IncA-DES: An incremental and adaptive dynamic ensemble selection approach using online K-d tree neighborhood search for data streams with concept drift
Barboza, Eduardo V. L., de Almeida, Paulo R. Lisboa, Britto, Alceu de Souza Jr., Sabourin, Robert, Cruz, Rafael M. O.
Data streams pose challenges not usually encountered in batch-based ML. One of them is concept drift, which is characterized by the change in data distribution over time. Among many approaches explored in literature, the fusion of classifiers has been showing good results and is getting growing attention. DS methods, due to the ensemble being instance-based, seem to be an efficient choice under drifting scenarios. However, some attention must be paid to adapting such methods for concept drift. The training must be done in order to create local experts, and the commonly used neighborhood-search DS may become prohibitive with the continuous arrival of data. In this work, we propose IncA-DES, which employs a training strategy that promotes the generation of local experts with the assumption that different regions of the feature space become available with time.
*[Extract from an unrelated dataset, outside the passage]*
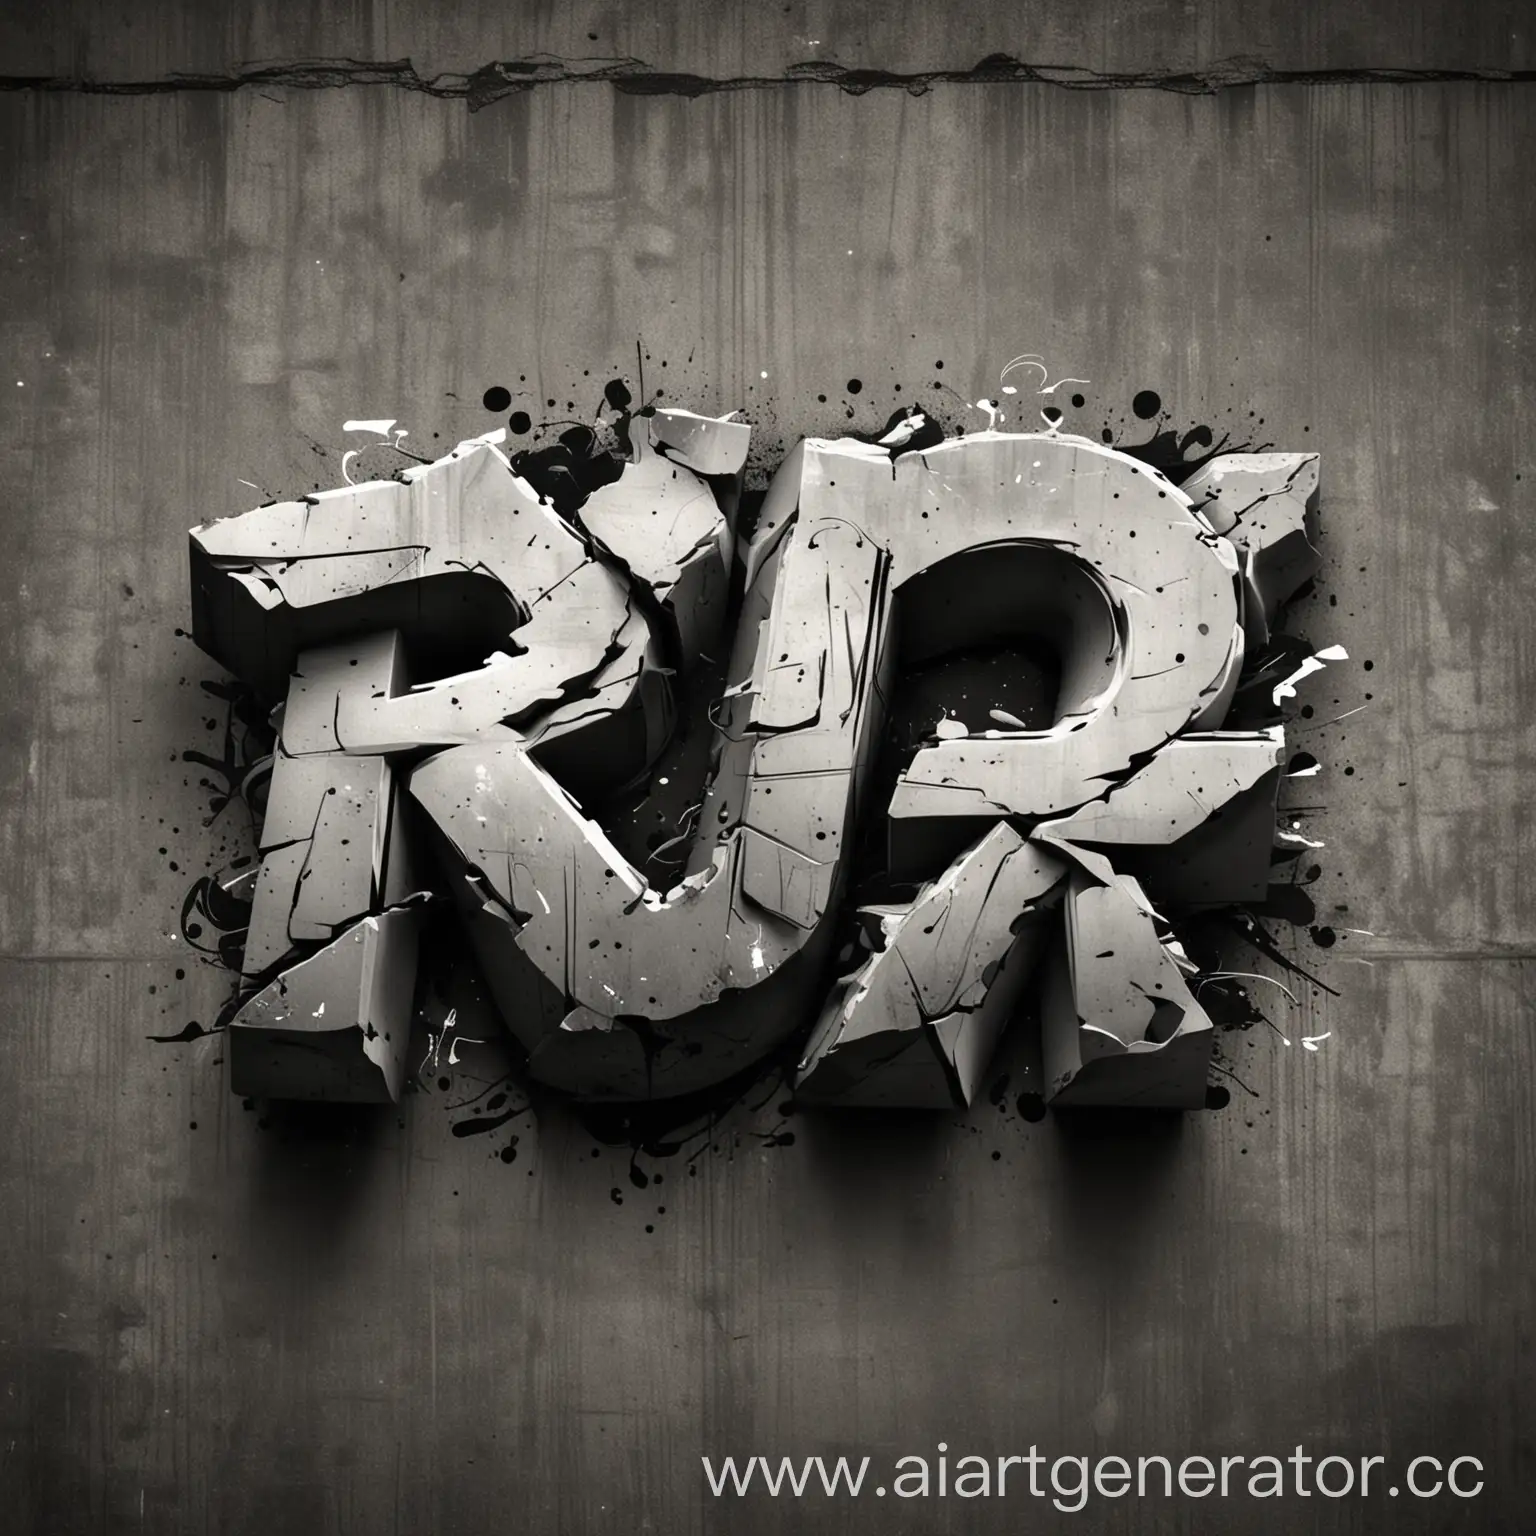 Dynamic-and-Modern-Typographic-Design-with-Graffiti-Elements

Additionally, the fusion of a concept drift detector supports the maintenance of information and adaptation to a new concept. An overlap-based classification filter is also employed in order to avoid using the DS method when there is a consensus in the neighborhood, a strategy that we argue every DS method should employ, as it was shown to make them more applicable and quicker. Moreover, aiming to reduce the processing time of the kNN, we propose an Online K-d tree algorithm, which can quickly remove instances without becoming inconsistent and deals with unbalancing concerns that may occur in data streams. Experimental results showed that the proposed framework got the best average accuracy compared to seven state-of-the-art methods considering different levels of label availability and presented the smaller processing time between the most accurate methods. Additionally, the fusion with the Online K-d tree has improved processing time with a negligible loss in accuracy. We have made our framework available in an online repository.